MAXIMILÍANO DURÓN/ARTNEWS
MAXIMILÍANO DURÓN/ARTNEWS
At Whitney Biennial previews this week, many were quick to note that Pope.L’s installation smelled really bad. The reason for this was the 2,755 slices of bologna pinned to its walls, which, even on day one, already appeared a little nasty, their orange, oily juices pooling in small basins that run along the floor. As it turns out, however, the meat is “curing,” not rotting.
A representative for Mitchell-Innes & Nash, the New York gallery that represents Pope.L, confirmed to ARTnews that the bologna will not be replaced. It will, for many viewers, likely continue to be pungent. (When I visited the installation again, its scent had not diminished.) Expect its smell to change somewhat—possibly for the better, possibly for the worse, depending on the viewer’s sense of smell.
The gallery noted that Pope.L went through a “delicate process” to arrange the meat and that in the installation—titled Claim (Whitney Version)—the bologna is a pun: a material being cured, in reference to healing.

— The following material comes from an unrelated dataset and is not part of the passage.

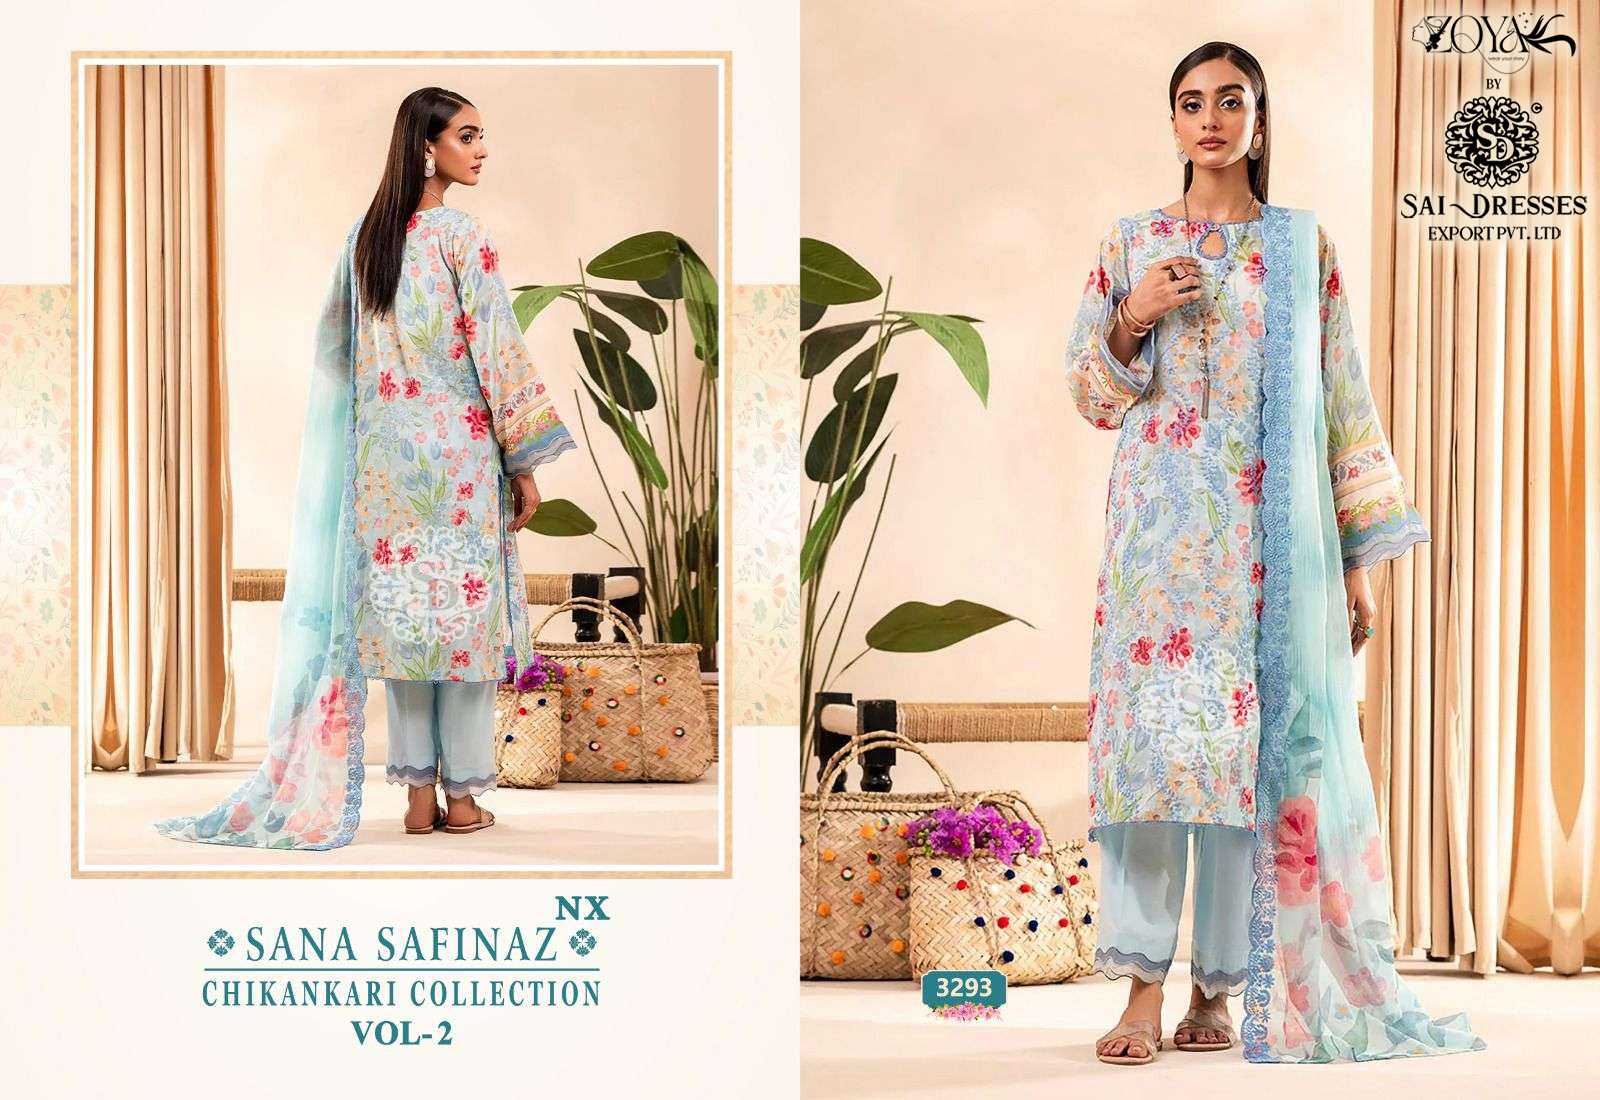 Mayur Creation Jaipuri Vol 5 Printed Cotton Dress Materials Wholesaler Surat
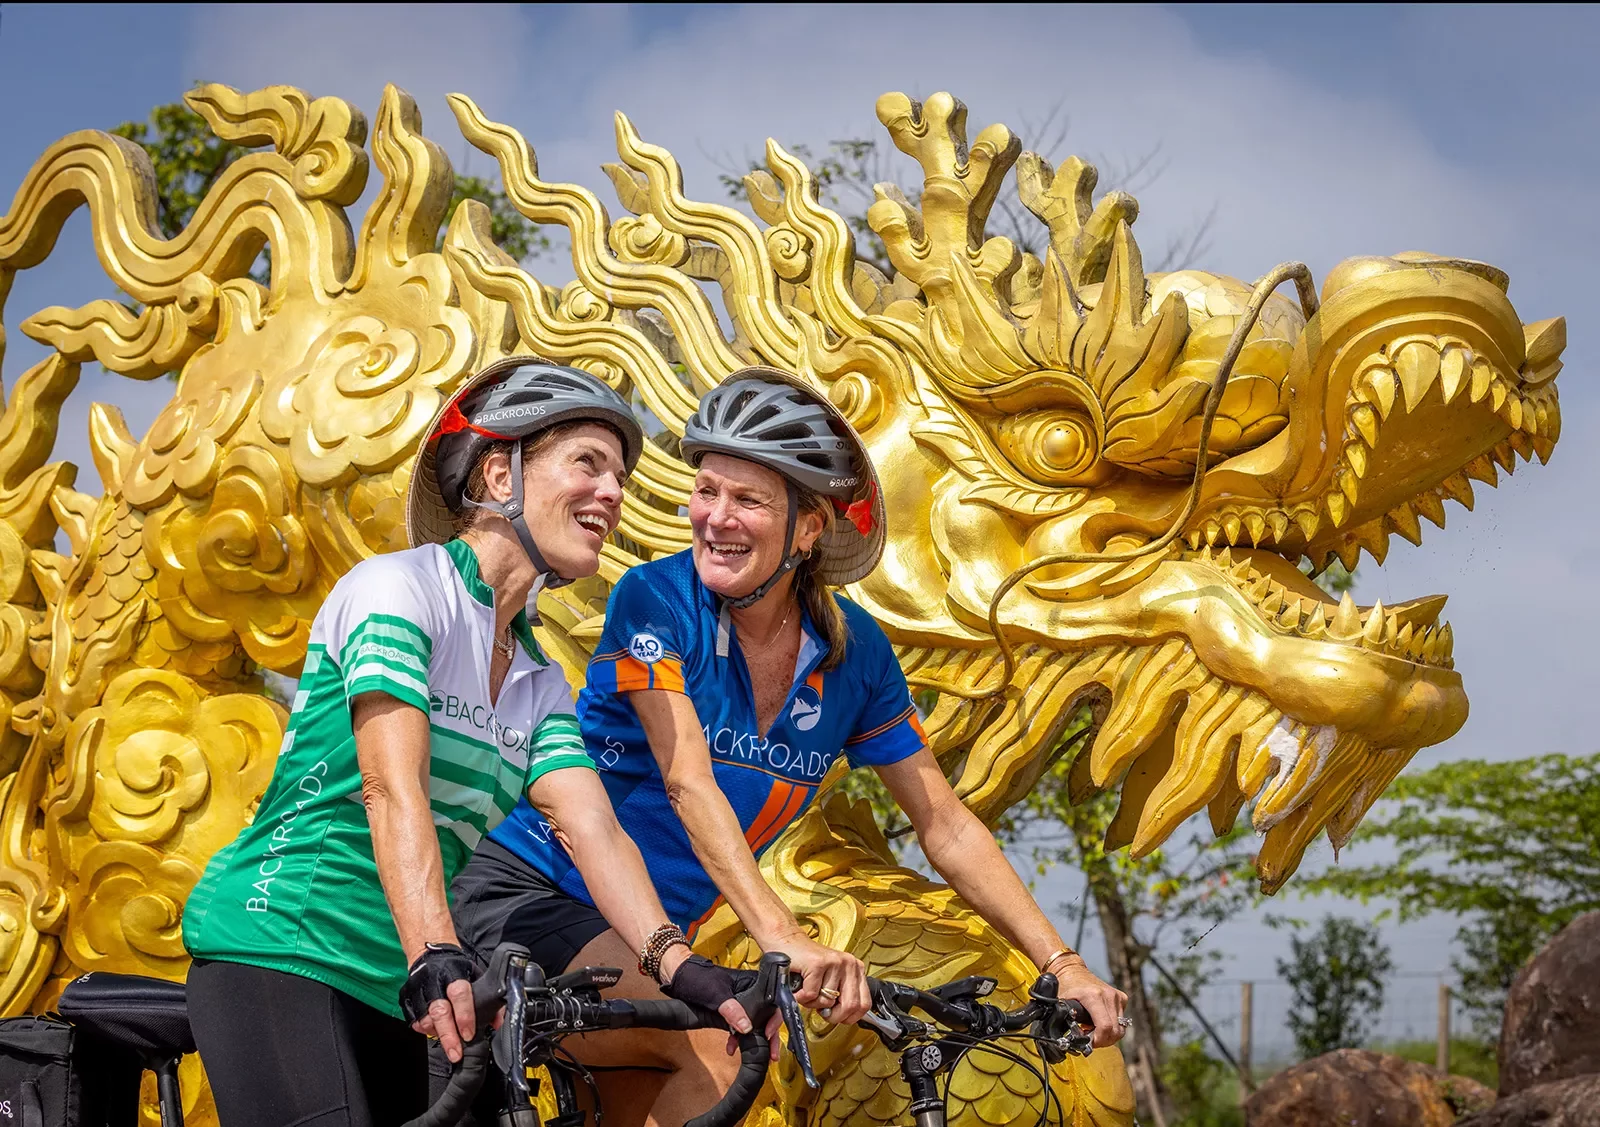 Women biking in front of a gold dragon statue

The piece focuses on how entire groups of people with a collective identity can turn abstract through numbers. For the artist, the number of bologna slices refers to the percentage of Jewish citizens in New York, but a written text tells us that his numbers are “a bit off” and that he has deliberately messed with his data. Over time, each piece of bologna, affixed with a photograph of a person who may or may not be Jewish, will twist as it cures, making the marker of identity—Jewish identity or any identity, it seems—unrecognizable.